Zealand Pharma Release: Completion Of Exercise In Full Of Overallotment Option Of 15%
Published: Aug 18, 2017
Company announcement - No. 38/2017
- Zealand Pharma A/S has today registered a capital increase of 156,250 new shares as completion of exercise in full of overallotment option of 15%
Copenhagen, August 18, 2017 - With reference to the company announcements no. 37/2017, dated August 15, 2017 regarding the exercise in full of overallotment option of 15% by Morgan Stanley & Co. LLC and Goldman Sachs & Co. LLC, Zealand Pharma A/S ("Zealand") announces that it has today registered an increase of its share capital by nominally DKK 156,250 divided into 156,250 new shares with a nominal value of DKK 1 each (the "New Shares") with the Danish Business Authority.
Following the registration of the New Shares with the Danish Business Authority, Zealand's share capital amounts to DKK 30,718,652 divided into 30,718,652 shares with a nominal value of DKK 1 each.
The New Shares rank pari passu with Zealand's existing shares and carry the same dividend and other rights. Each New Share carries one vote at Zealand's general meetings. Zealand only has one class of shares.
The New Shares are expected to be admitted to trading and official listing on Nasdaq Copenhagen on August 21, 2017 in the permanent ISIN code DK0060257814.
This company announcement does not constitute an offer to sell nor a solicitation of an offer to buy, nor shall there be any sale of these securities in any state or jurisdiction in which such an offer, solicitation or sale would be unlawful prior to registration or qualification under the securities laws of any such state or jurisdiction.

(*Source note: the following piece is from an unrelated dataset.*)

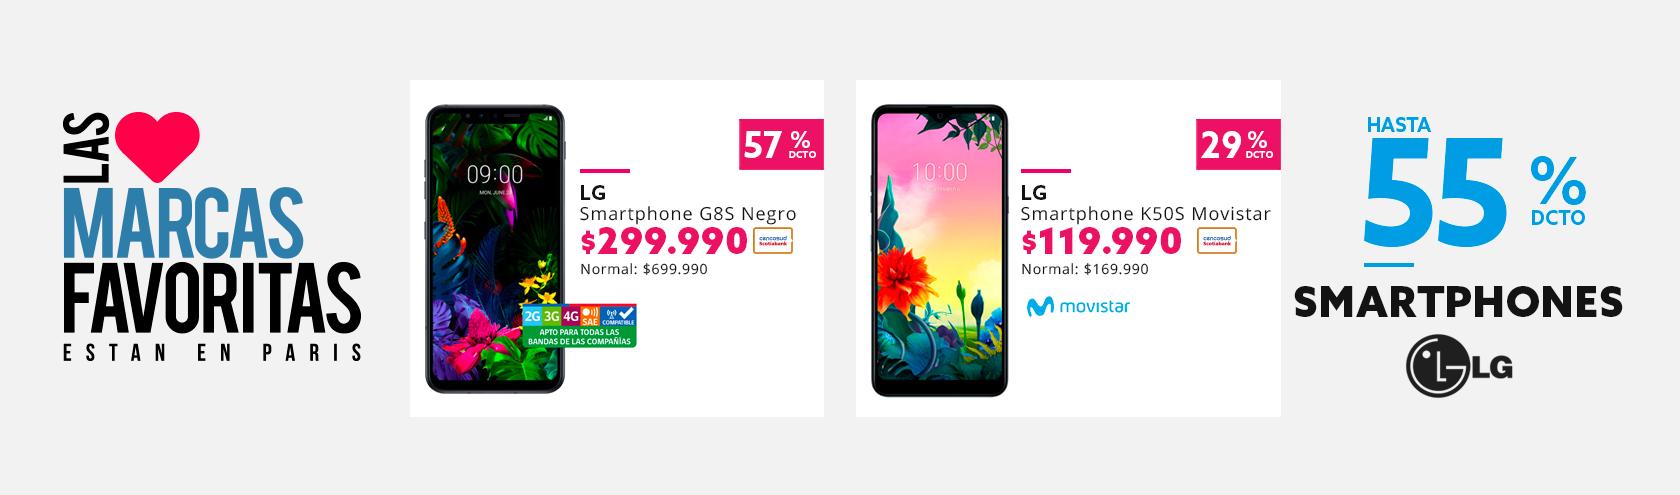 Hasta 55% de dcto en celulares LG con Tarjeta Cencosud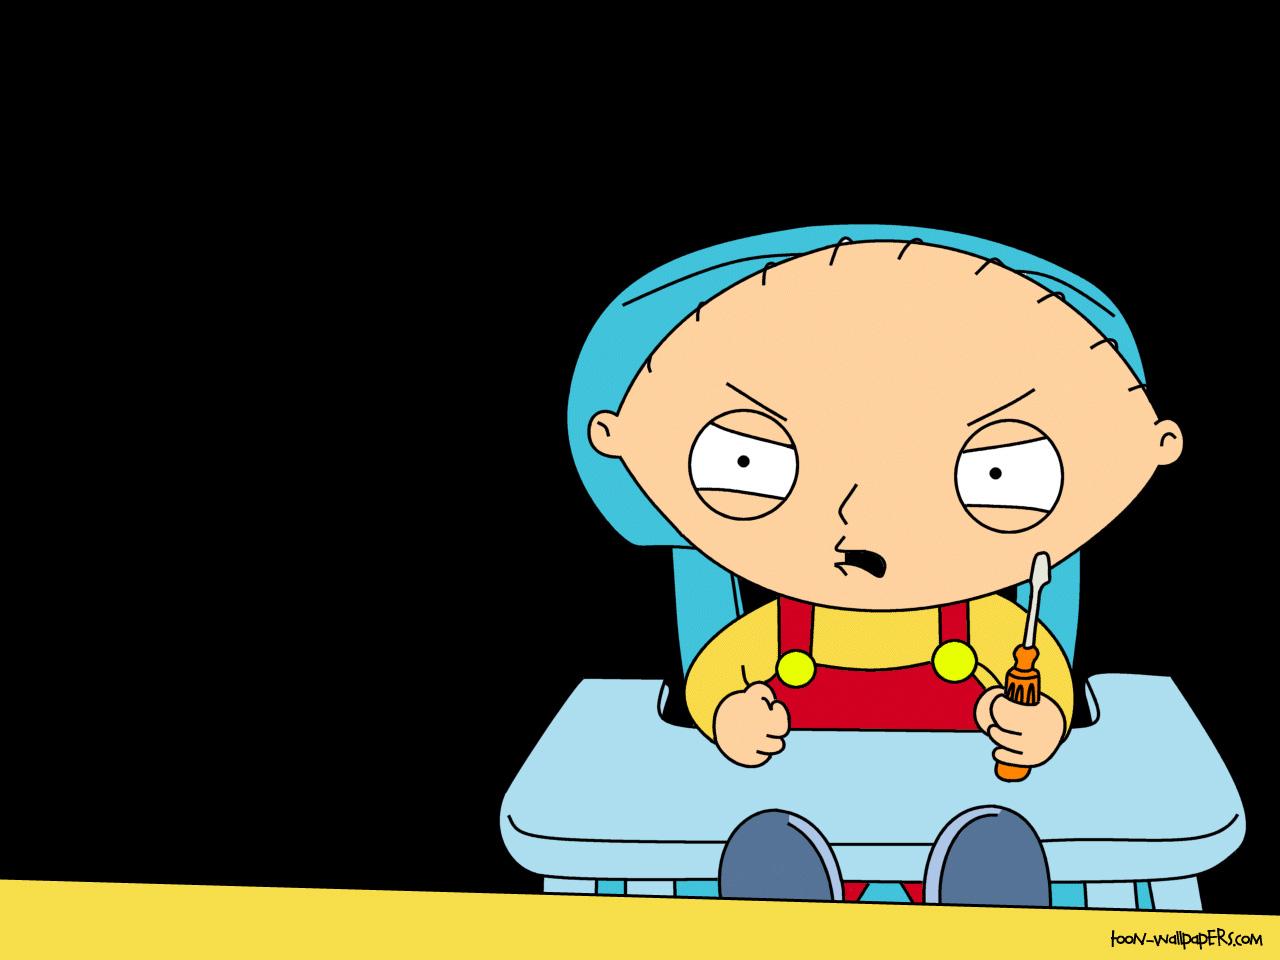 Family Guy Wallpaper Stewie Stewie griffin 1280x960

Morgan Stanley & Co. LLC and Goldman Sachs & Co. LLC are acting as joint book-running managers, and Guggenheim Securities, LLC and Needham & Company, LLC are acting as co-lead managers for the offering referred to herein. Copies of the preliminary U.S. prospectus and the final U.S. prospectus relating to the Offering may be obtained from Morgan Stanley & Co. LLC, Attention: Prospectus Department, 180 Varick Street, 2nd Floor, New York, New York 10014; or Goldman Sachs & Co. LLC, Attention: Prospectus Department, 200 West Street, New York, NY 10282, telephone: +1-866-471-2526, facsimile: +1 212-902-9316, or e-mail: email@example.com.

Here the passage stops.